Records for this exercise =>
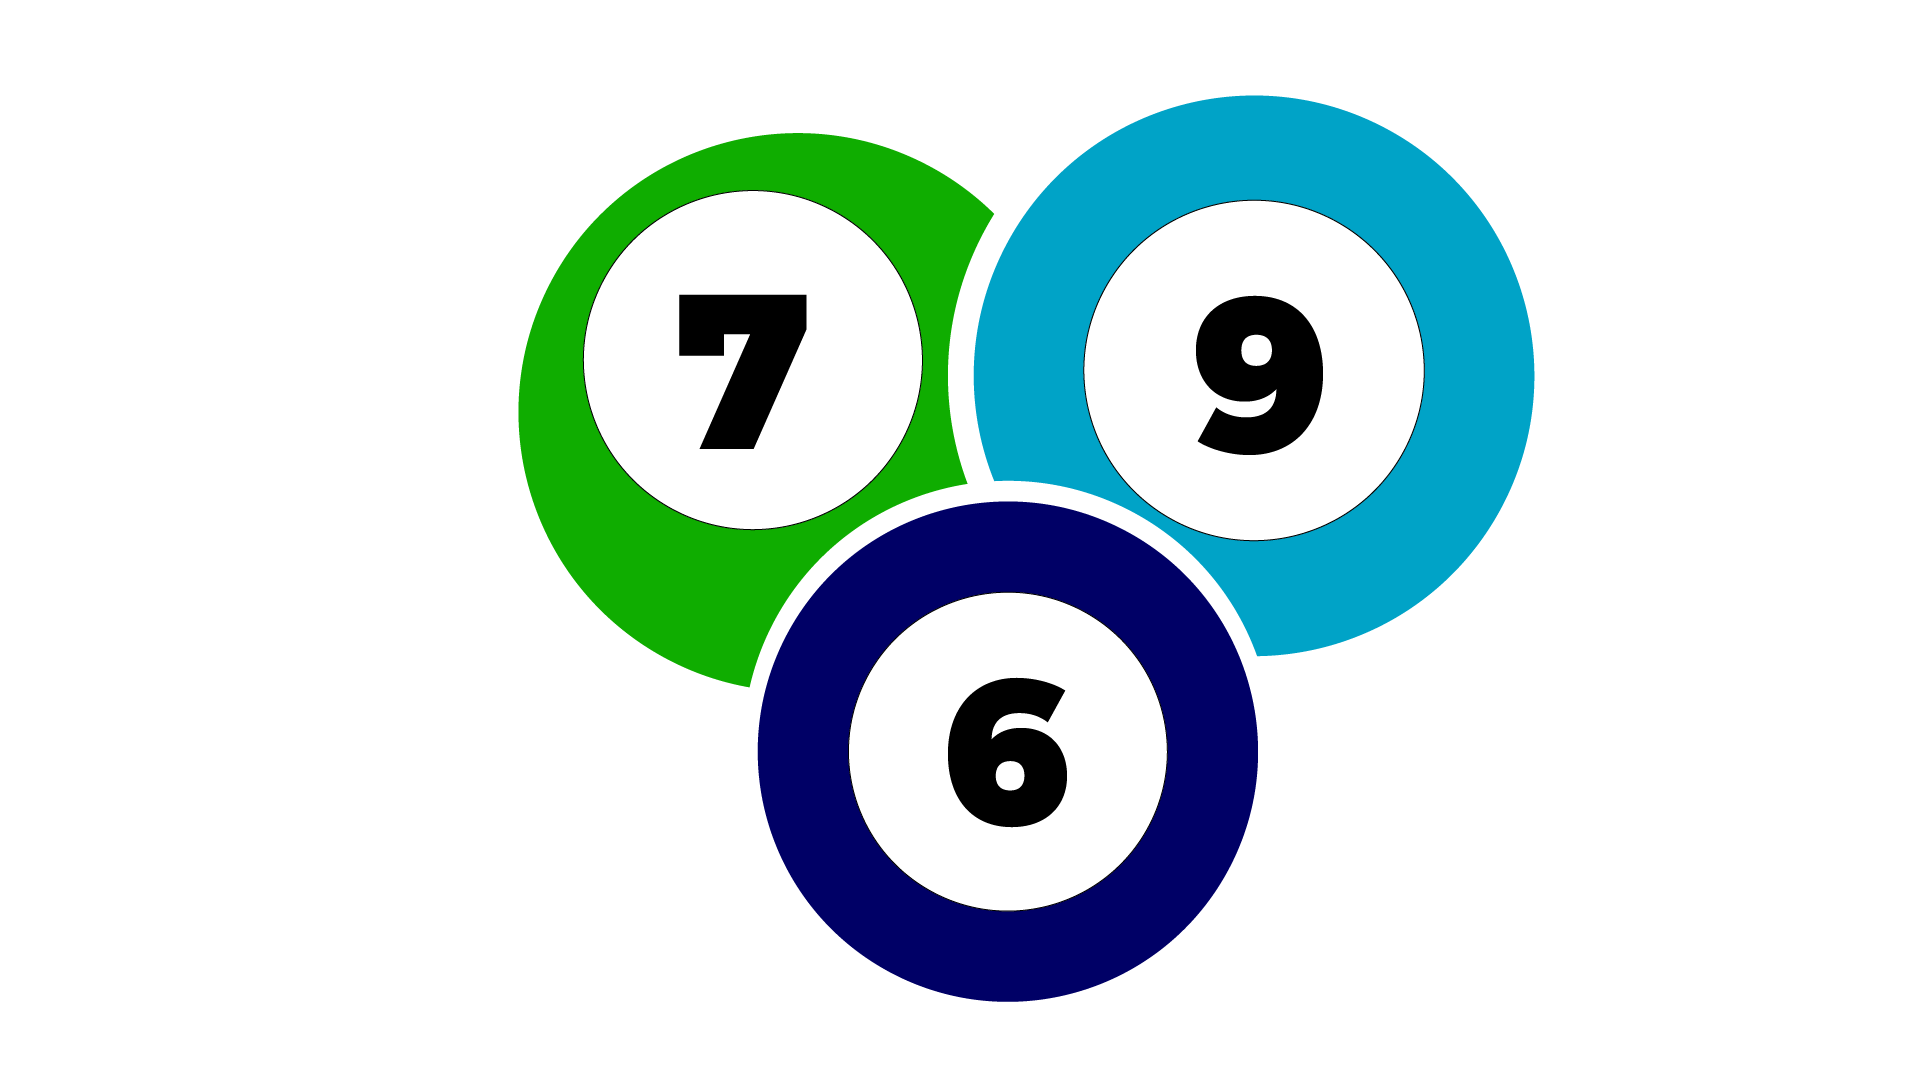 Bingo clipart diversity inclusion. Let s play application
---
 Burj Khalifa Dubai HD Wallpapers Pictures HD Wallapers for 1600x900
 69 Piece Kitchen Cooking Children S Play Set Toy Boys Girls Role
* * *
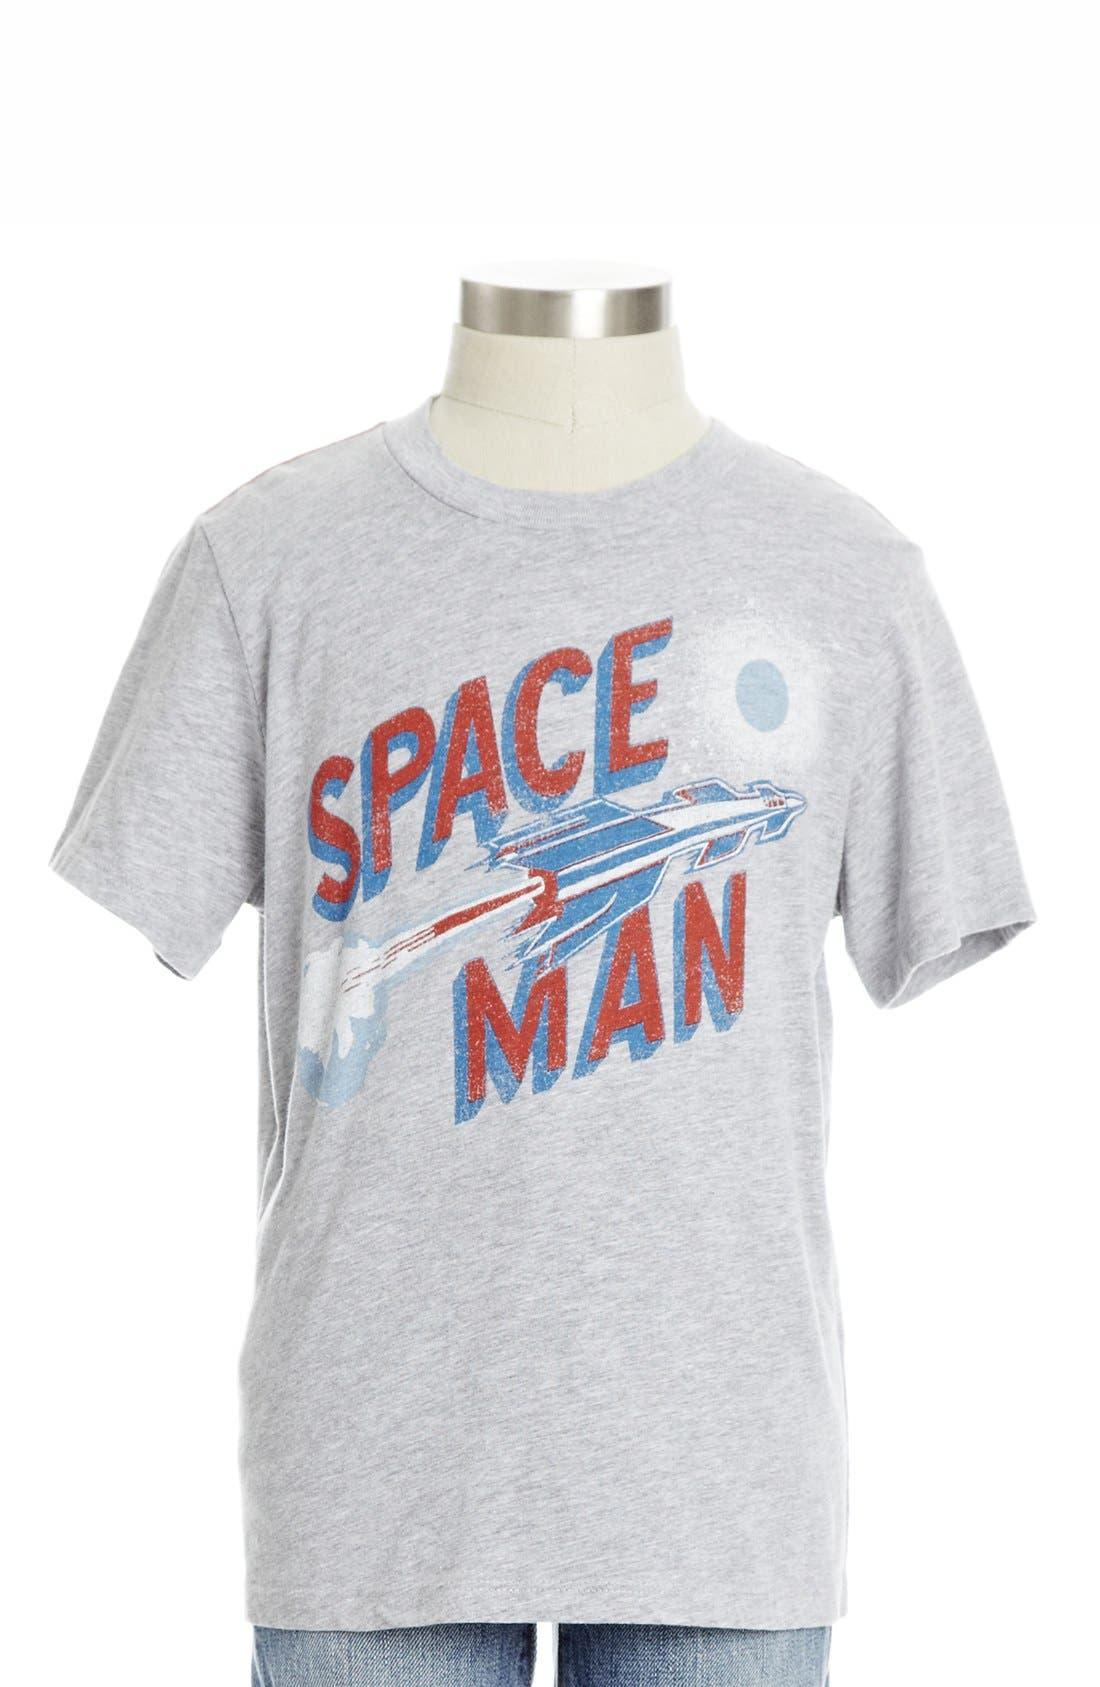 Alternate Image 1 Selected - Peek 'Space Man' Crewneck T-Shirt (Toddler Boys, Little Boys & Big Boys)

Instructions to follow => Extract from the records above the lines from the one containing "Burj Khalifa Dubai" to the one containing "69 Piece Kitchen", both lines included, exactly as they appear and with nothing else.

Exercise answer =>
 Burj Khalifa Dubai HD Wallpapers Pictures HD Wallapers for 1600x900
 69 Piece Kitchen Cooking Children S Play Set Toy Boys Girls Role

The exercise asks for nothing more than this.